1. A preparation method of a quasi-low-dimensional bismuth-based perovskite nano material is characterized by comprising the following steps: adopts quasi-low-dimensional bismuth-based perovskite material MA₃Bi₂X₉The powder of (A) is used as a raw material, amine is used as a stripping agent, and a solvent is used to obtain the quasi-low-dimensional bismuth-based perovskite material MA₃Bi₂X₉Wherein X is one of Cl, Br and I, and the solvent is capable of dissolving the stripping agent and has a solubility for the stripping agent greater than that for the quasi-low-dimensional bismuth-based perovskite material MA₃Bi₂X₉The solvent is any one of n-octane, n-hexane, toluene and a methanol/n-octane mixed solvent; then, the mixture is treated by a cell crusher, and the energy applied by the cell crusher and the stripping effect of amine can overcome the defect of the quasi-low-dimensional bismuth-based perovskite material MA₃Bi₂X₉Separating the bismuth-based perovskite material with quasi-low dimension by ionic bond in the powder, centrifuging, and collecting the supernatant to obtain the compound of formula MA₃Bi₂X₉The quasi-low-dimensional bismuth-based perovskite nano material;

wherein the amine as the stripping agent is at least one of butylamine, n-octylamine, and oleylamine;

when X is Cl, the raw material is quasi-1-dimensional bismuth-based perovskite nano material MA₃Bi₂Cl₉Obtained powder of the formula MA₃Bi₂X₉The quasi-low-dimensional bismuth-based perovskite nano material has a chemical formula of MA₃Bi₂Cl₉The nanowire of (a);

when X is Br, the raw material is quasi 2-dimensional bismuth-based perovskite nano material MA₃Bi₂Br₉Obtained powder of the formula MA₃Bi₂X₉The quasi-low-dimensional bismuth-based perovskite nano material has a chemical formula of MA₃Bi₂Br₉A nanosheet of (a);

when X is I, the raw material is quasi-0-dimensional bismuth-based perovskite nano material MA₃Bi₂I₉Obtained powder of the formula MA₃Bi₂X₉The quasi-low-dimensional bismuth-based perovskite nano material has a chemical formula of MA₃Bi₂I₉The quantum dot of (1).

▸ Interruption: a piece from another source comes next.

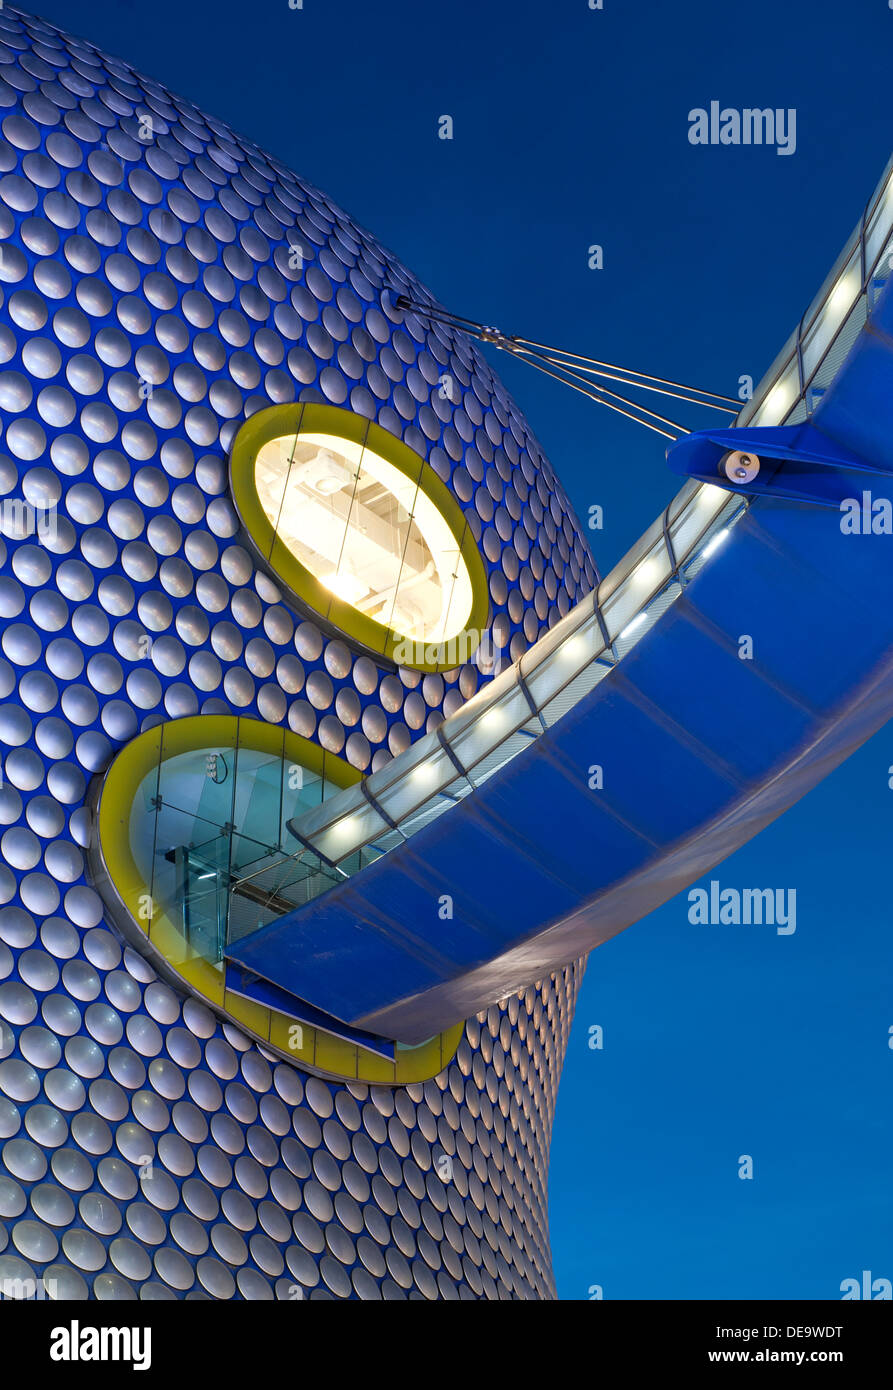 Detail of Selfridge's Department Store at The Bull Ring, Birmingham, West Midlands, England, UK - Stock Image
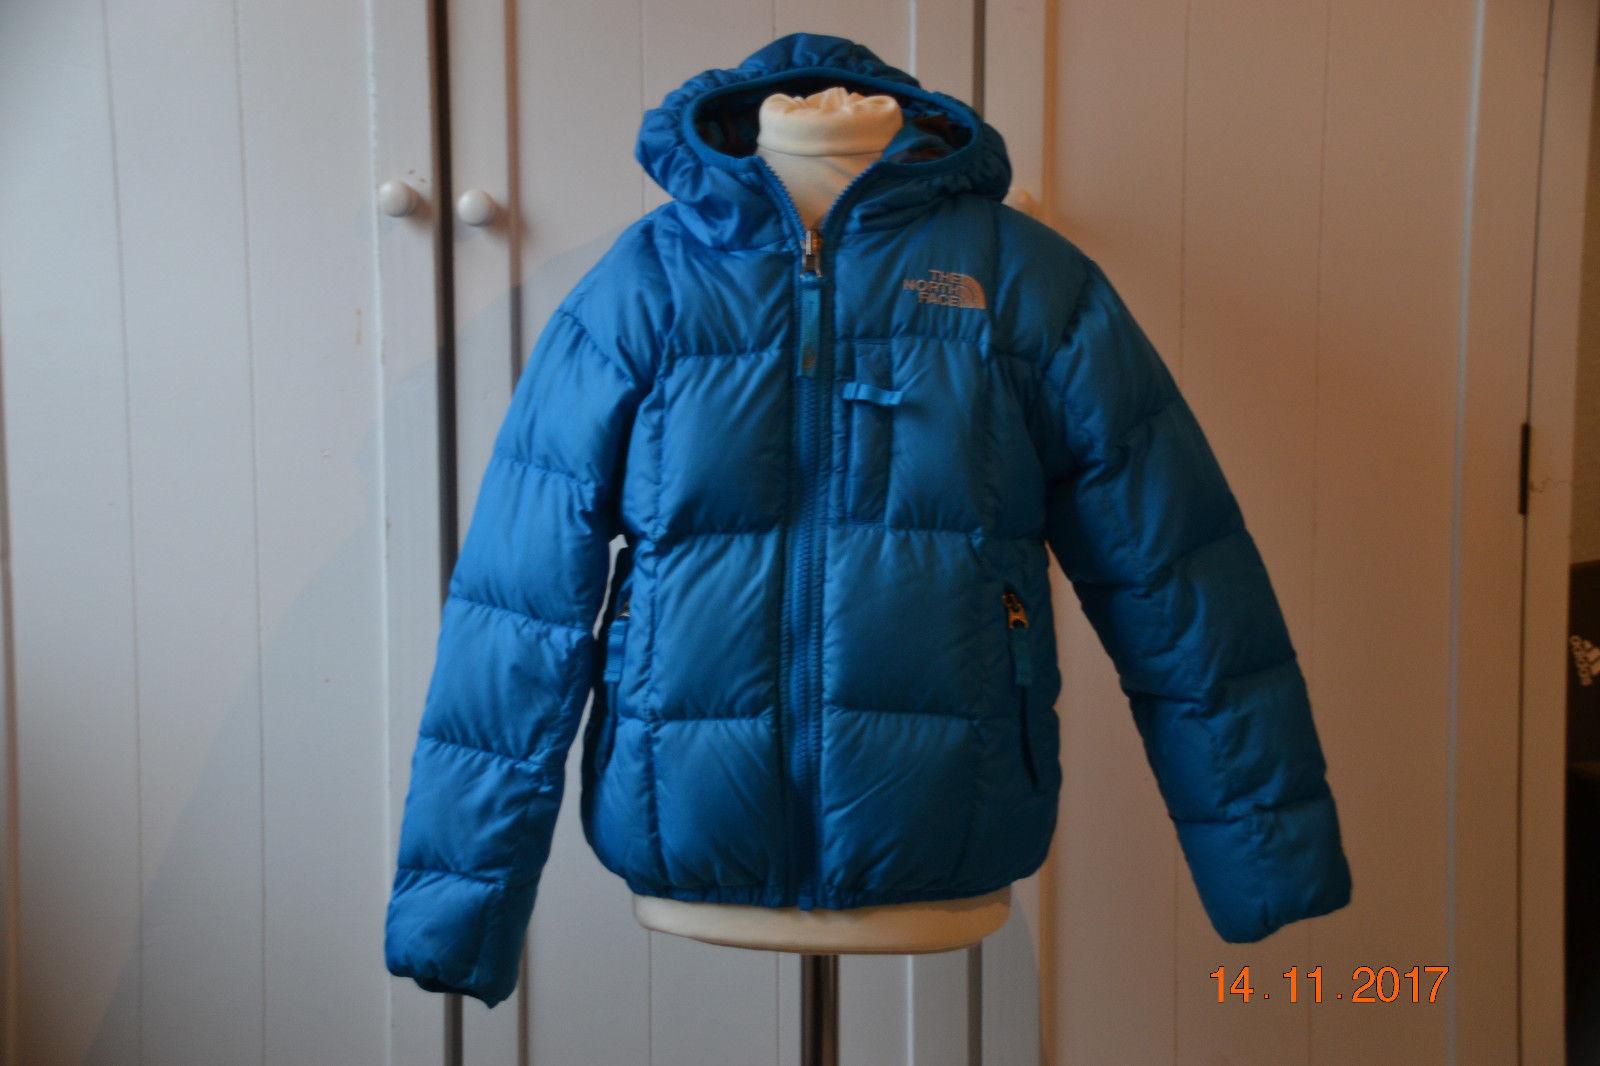 online retailer d1cc3 bf89f The North Face Daunenjacke Winterjacke blau Gr. 116 Mädchen Jungen TOP

2. The method for producing a quasi-low-dimensional bismuth-based perovskite nanomaterial as claimed in claim 1, wherein the quasi-low-dimensional bismuth-based perovskite material MA as the raw material₃Bi₂X₉The amount of the powder of (4) is in the range of 0.02 to 0.1 mmol.

3. The method for preparing the quasi-low dimensional bismuth-based perovskite nano-material as claimed in claim 1, wherein in the mixture, the quasi-low dimensional bismuth-based perovskite material MA₃Bi₂X₉The ratio of the amounts of substances of both the amine and the powder of (1): 15 to 62.5;

the quasi-low-dimensional bismuth-based perovskite material MA₃Bi₂X₉The ratio of the amount of substance of (a) to the volume of the solvent was 0.04mmol:6ml ~ 15 ml.

4. The method for preparing the quasi-low dimensional bismuth-based perovskite nano-material as claimed in any one of claims 1 to 3, wherein the mixture further comprises oleic acid as a ligand, and the quasi-low dimensional bismuth-based perovskite material MA₃Bi₂X₉The ratio of the amount of the oleic acid to the amount of the powder of (1) to the amount of the oleic acid is 1:37.5 to 75.

5. The preparation method of the quasi-low dimensional bismuth-based perovskite nano material as claimed in any one of claims 1 to 3, wherein the cell crusher is used for processing the mixture under the power of 200W-400W for 30-60 minutes, the duty ratio of the cell crusher is 1/3-1/2, and the continuous ultrasonic time is 1 second.